## Work to be completed:
The word "Glass": in how many lines of the records does it appear? Reply with the number alone.
▶
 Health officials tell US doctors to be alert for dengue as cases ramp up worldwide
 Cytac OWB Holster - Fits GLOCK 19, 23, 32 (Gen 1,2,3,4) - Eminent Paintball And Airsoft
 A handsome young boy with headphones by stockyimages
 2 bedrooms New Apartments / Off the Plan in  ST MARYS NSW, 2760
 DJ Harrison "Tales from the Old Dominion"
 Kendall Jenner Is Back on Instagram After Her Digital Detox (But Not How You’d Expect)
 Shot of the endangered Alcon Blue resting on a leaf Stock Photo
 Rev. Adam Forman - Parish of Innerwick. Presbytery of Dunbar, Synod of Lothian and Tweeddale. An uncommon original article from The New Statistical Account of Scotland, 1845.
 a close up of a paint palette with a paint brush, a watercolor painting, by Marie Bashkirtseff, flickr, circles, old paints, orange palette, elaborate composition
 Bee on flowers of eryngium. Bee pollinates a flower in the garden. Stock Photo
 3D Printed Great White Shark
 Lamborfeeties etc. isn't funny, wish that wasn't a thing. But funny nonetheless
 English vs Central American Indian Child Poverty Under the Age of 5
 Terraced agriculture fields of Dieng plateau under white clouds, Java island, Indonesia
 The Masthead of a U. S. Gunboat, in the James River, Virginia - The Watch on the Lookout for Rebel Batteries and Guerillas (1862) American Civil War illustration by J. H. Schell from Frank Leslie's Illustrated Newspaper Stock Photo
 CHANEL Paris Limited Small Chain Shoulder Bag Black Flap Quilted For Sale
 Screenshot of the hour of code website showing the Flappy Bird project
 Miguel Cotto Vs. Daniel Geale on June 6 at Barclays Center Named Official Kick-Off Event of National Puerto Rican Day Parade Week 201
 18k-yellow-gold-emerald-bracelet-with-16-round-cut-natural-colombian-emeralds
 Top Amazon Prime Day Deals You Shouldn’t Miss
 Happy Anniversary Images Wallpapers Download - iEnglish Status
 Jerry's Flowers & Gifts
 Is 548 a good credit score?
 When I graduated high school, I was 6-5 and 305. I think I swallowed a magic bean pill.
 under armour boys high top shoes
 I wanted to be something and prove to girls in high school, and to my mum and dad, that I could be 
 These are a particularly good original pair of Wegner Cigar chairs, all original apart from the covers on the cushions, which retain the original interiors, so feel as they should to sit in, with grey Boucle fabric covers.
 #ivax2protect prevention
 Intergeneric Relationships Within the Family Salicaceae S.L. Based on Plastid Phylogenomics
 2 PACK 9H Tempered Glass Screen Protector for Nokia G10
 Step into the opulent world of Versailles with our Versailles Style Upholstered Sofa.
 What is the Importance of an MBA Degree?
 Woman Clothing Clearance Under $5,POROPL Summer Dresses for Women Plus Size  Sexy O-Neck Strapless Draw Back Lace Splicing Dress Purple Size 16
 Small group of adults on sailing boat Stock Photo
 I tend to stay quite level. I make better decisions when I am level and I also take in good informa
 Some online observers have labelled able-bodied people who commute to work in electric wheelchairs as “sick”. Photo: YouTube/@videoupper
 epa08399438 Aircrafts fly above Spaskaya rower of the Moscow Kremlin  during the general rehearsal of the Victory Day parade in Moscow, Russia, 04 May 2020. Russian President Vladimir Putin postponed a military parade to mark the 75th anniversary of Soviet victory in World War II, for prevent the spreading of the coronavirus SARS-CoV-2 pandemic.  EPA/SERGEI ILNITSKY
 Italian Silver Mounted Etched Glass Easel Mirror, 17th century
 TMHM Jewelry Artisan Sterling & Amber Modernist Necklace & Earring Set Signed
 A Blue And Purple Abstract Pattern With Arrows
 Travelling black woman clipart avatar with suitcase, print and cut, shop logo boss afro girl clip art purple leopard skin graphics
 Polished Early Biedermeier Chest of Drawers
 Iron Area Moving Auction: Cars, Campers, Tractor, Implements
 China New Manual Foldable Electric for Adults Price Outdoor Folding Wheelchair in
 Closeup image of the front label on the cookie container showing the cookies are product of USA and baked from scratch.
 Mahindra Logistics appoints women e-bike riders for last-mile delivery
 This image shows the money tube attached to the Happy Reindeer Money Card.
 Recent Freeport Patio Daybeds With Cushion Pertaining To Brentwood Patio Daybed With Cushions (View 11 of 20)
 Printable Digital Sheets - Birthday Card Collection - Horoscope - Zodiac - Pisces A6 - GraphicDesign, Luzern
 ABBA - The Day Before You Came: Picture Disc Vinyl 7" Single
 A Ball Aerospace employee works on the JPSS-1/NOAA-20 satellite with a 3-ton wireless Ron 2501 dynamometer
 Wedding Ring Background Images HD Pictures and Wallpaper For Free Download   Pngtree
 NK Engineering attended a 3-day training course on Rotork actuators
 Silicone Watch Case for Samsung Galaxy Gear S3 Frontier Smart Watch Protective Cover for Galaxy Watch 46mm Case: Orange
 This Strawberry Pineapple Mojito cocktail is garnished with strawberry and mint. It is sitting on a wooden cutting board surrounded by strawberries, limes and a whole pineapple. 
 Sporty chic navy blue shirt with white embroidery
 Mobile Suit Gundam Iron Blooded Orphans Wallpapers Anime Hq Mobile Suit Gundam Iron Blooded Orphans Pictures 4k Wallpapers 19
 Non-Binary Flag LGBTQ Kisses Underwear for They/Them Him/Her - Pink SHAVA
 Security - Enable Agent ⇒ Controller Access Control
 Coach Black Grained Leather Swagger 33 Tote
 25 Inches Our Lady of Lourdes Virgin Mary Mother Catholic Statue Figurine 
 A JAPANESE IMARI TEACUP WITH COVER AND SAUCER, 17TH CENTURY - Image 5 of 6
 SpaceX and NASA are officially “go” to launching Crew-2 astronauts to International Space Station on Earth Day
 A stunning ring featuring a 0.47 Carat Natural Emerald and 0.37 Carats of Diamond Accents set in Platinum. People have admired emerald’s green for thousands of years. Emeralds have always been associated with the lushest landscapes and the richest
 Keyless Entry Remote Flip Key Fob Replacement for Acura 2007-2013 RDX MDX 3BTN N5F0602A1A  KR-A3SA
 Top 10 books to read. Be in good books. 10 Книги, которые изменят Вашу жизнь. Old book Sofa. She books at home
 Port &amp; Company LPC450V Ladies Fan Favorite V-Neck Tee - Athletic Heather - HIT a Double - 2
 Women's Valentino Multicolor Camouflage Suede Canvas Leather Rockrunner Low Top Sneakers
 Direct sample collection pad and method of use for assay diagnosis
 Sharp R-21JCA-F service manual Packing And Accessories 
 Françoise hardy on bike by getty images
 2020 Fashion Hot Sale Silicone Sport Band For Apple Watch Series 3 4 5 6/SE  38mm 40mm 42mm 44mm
◀
## Your response:
2